Oliver here - I'm one of the new developers at GBIF, having started in October, 2010. With no previous experience in biology or biological classification you can bet it's been a steep learning curve in my time here, but at the same time it's very nice to be learning about a domain that's real, valuable and permanent, rather than yet another fleeting e-commerce, money-trading or "social media" application!
One of the features of GBIF's Data Portal is allowing searching of primary occurrence data via a backbone taxonomy. For example let's say you're interested in snow leopards and would like to plot all current and historical occurrences of this elusive cat on a world map. Let's further say that Richard Attenborough suggested to you that the snow leopard's scientific name is "Panthera uncia". You would ask the data portal for all records about Panthera uncia and expect to see all occurrences of snow leopards. Unfortunately biologists aren't agreed on how to classify the snow leopard - some argue that it belongs in the genus Panthera, while others argue that it should belong to its own genus, Uncia, and naturally the GBIF network has records under both names. You would just like to see all of those records and never mind the details - and that's just the tip of the iceberg when it comes to building a backbone taxonomy to match the 260 million+ occurrence records in the GBIF network.
Indeed, the backbone taxonomy (we call it our "Nub Taxonomy") in use by the current data portal has been one of the biggest sources of criticism of the GBIF data portal - it doesn't cover enough of the names in our occurrence records, and it doesn't handle the tricky stuff (as above) as well as it should. One of the reasons for that is the current backbone taxonomy was built based on the Catalogue of Life 2007, a similar vintage International Plant Names Index (IPNI), and then augmented with the classifications from any unmatched occurrence records. This has led to a classification hierarchy which is less reliable than we (and the GBIF network) would like.
Markus Döring is the GBIF software team's taxonomy expert and he has employed a new strategy for building an improved Nub Taxonomy by building it exclusively on well-known and respected taxonomies already out there - things like the most recent Catalogue of Life, IPNI, and more, but without using the classifications as given in the occurrence data. After the Nub Taxonomy is built, the occurrence records then need to be matched to it. As the first step to integrating the new Nub Taxonomy into the data portal, my job in the last little while has been to build a searchable index of all the names in our Nub Taxonomy and a web service that can accept a scientific name (from an occurrence record) and match it to the index, while understanding the implications of homonyms and synonyms, as well as tolerating misspellings. And of course, make it fast :)

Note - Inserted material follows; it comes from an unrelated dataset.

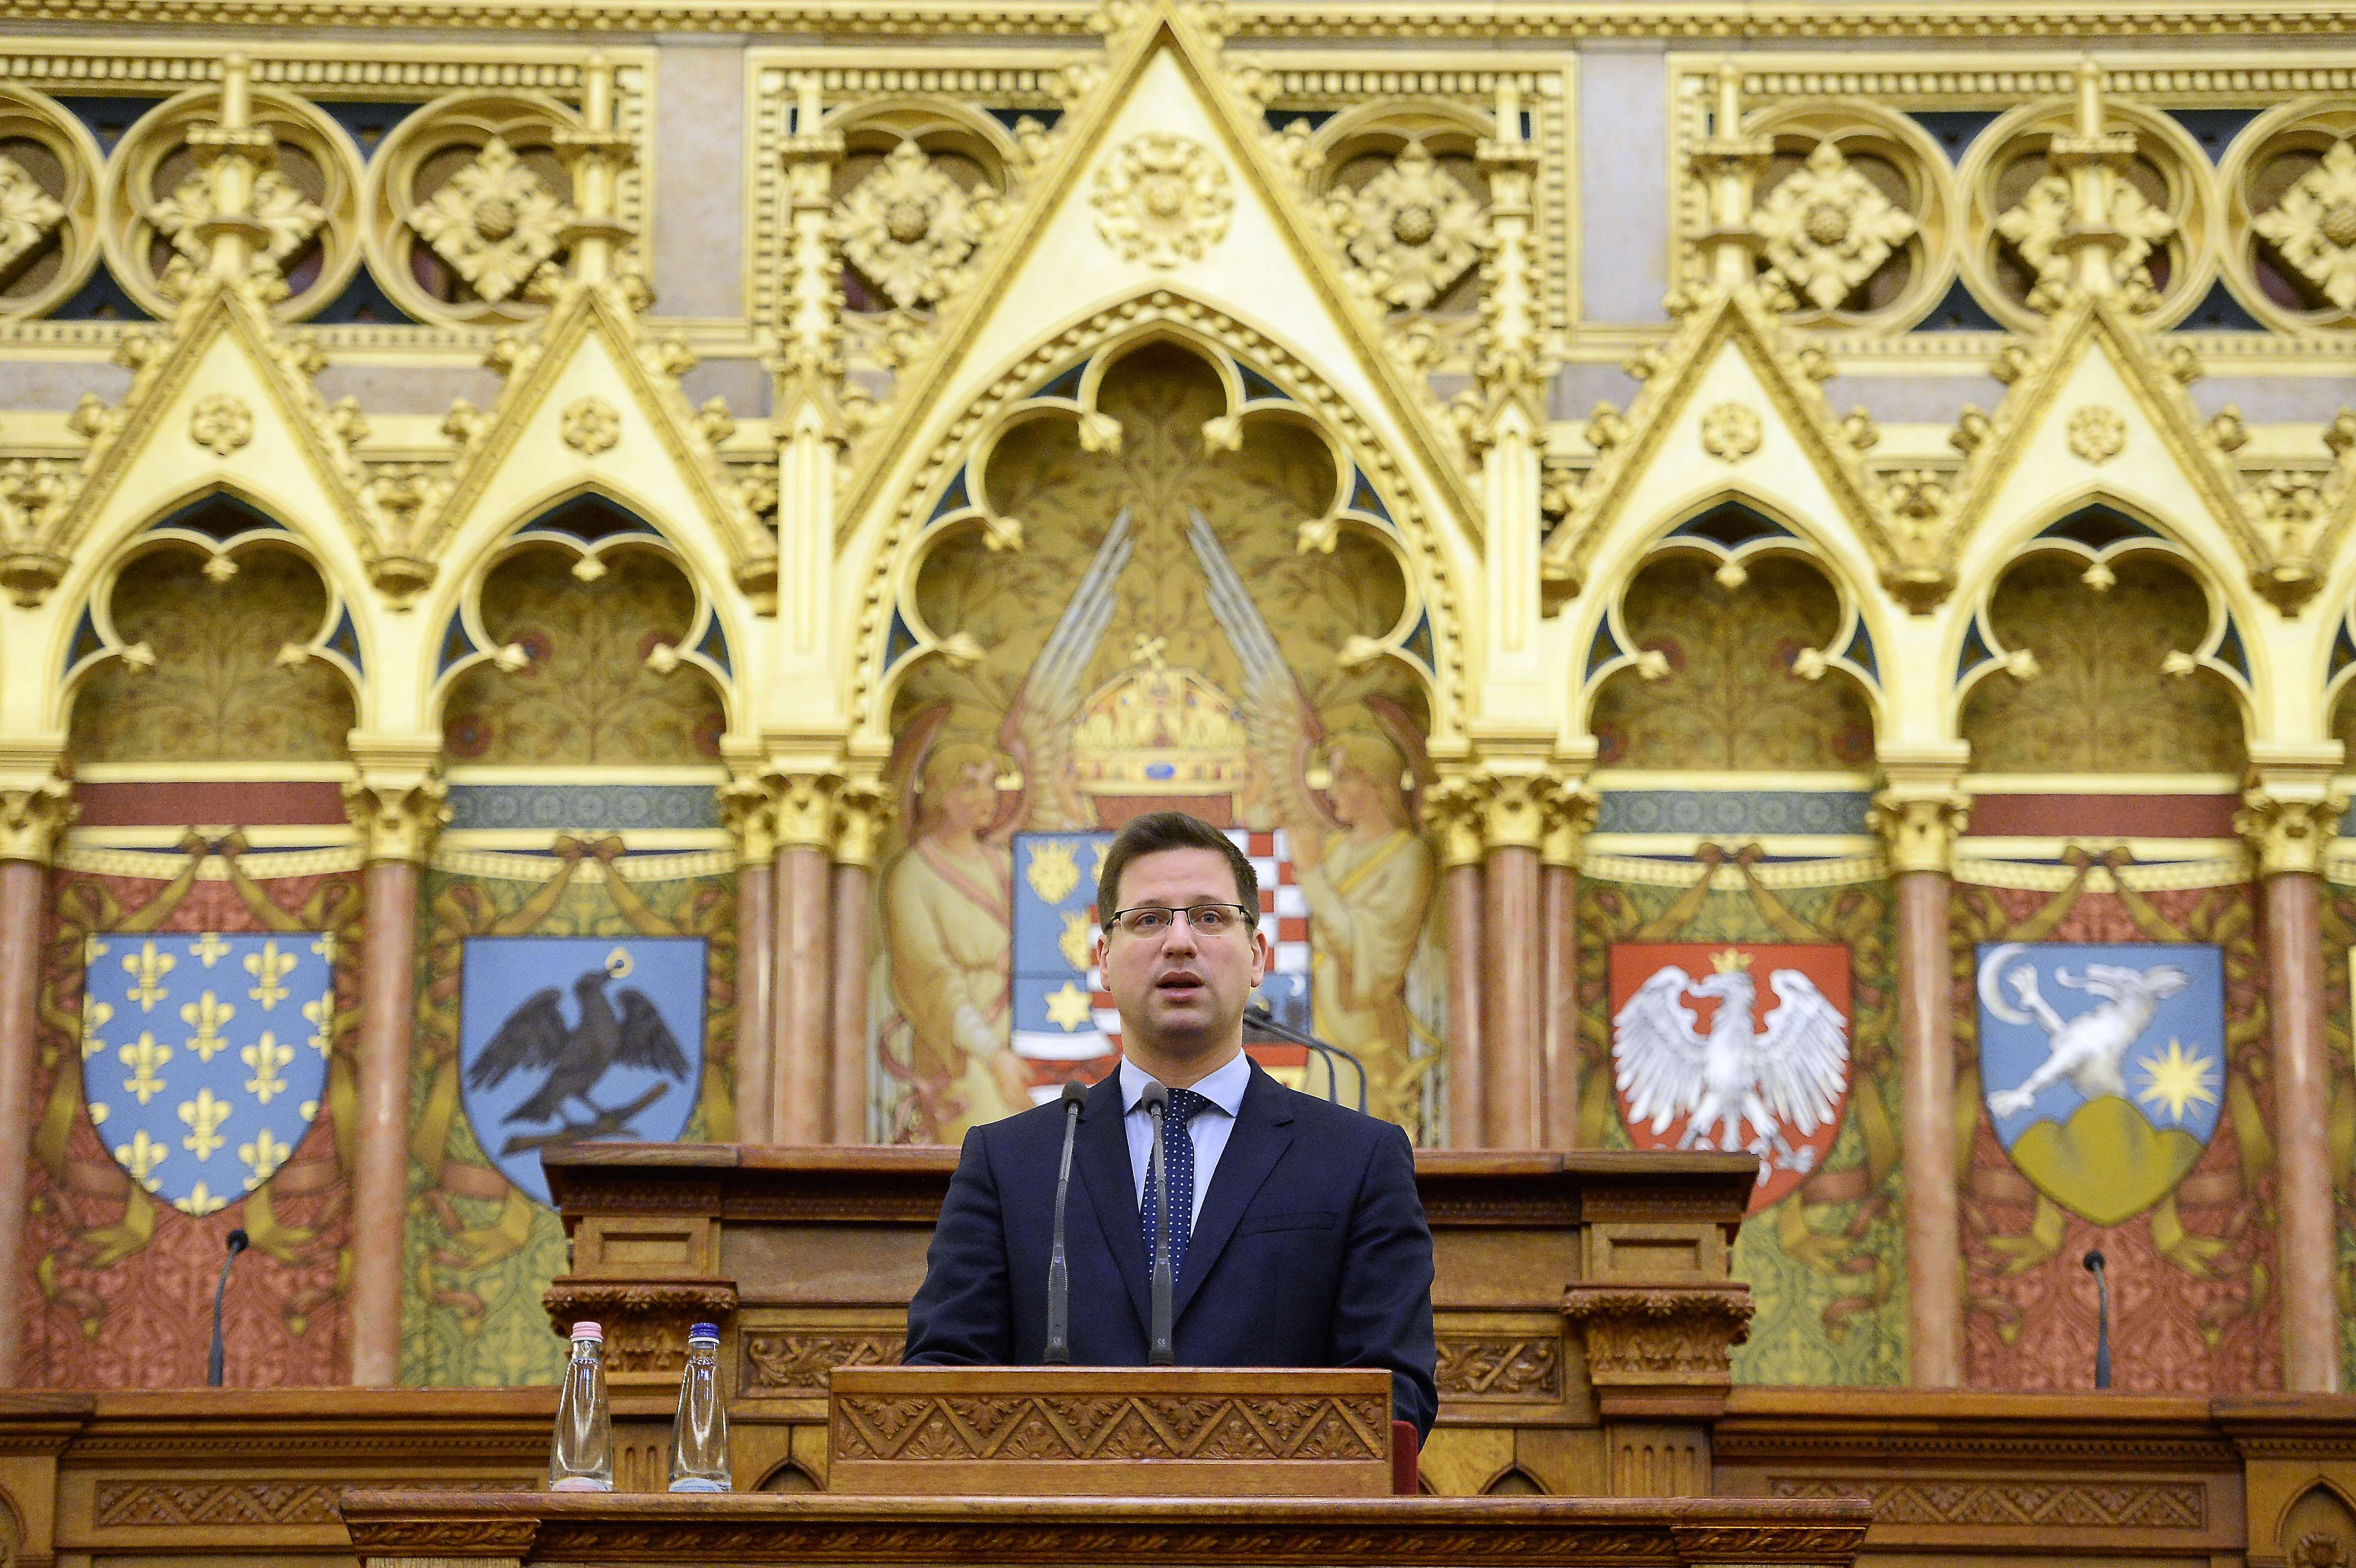 Gulyás Gergely: Esterházy János öröksége egyszerre ...

Since what we're talking about here is string matching with a tolerance for messy input (e.g. spelling mistakes, different violations of nomenclatural rules) the place to start is Lucene. Our Nub Taxonomy has about 8 million unique names, and our 260 million occurrence records are also comprised of roughly 8 million unique names. Our use case is somewhat out of the ordinary for Lucene in that we can build the index once and after that it becomes read-only until the next update of our Nub Taxonomy (e.g. to reflect an update in the Catalog of Life), and it only takes a few minutes to build the index, so it's not all that important for it to be persistent. That means we can optimize for search speed and not worry so much about indexing performance. Lucene has just the index storage implementation for this need - RAMDirectory. For the most part this worked just fine, but no matter how hard I hit the index, I couldn't get cpu usage to 100% - the best I could do was about 80%. I found that very irksome and spent some time testing different Directory implementations, web service stacks, and everything in between. None of the other Directory implementations (all file based in some way) showed any improvements, nor did eliminating the web stack. Finally by attaching a profiler to the Tomcat instance running the webservice while running with RAMDirectory we were able to see thread blocking increasing proportional to the number of requesting threads. That led us to the Lucene source code where we found a synchronized() block that we deemed the culprit. With the cause at least found I decided not to waste time trying to fix the problem for what would be nominal gain, but instead decided to use two Tomcat installations and load balance between them with Apache. With the Tomcats running on quite powerful machines we are now seeing approximately 1000 lookups/sec (including a bunch of business logic beyond the Lucene lookup), which we think is pretty good, and sufficient for our purposes.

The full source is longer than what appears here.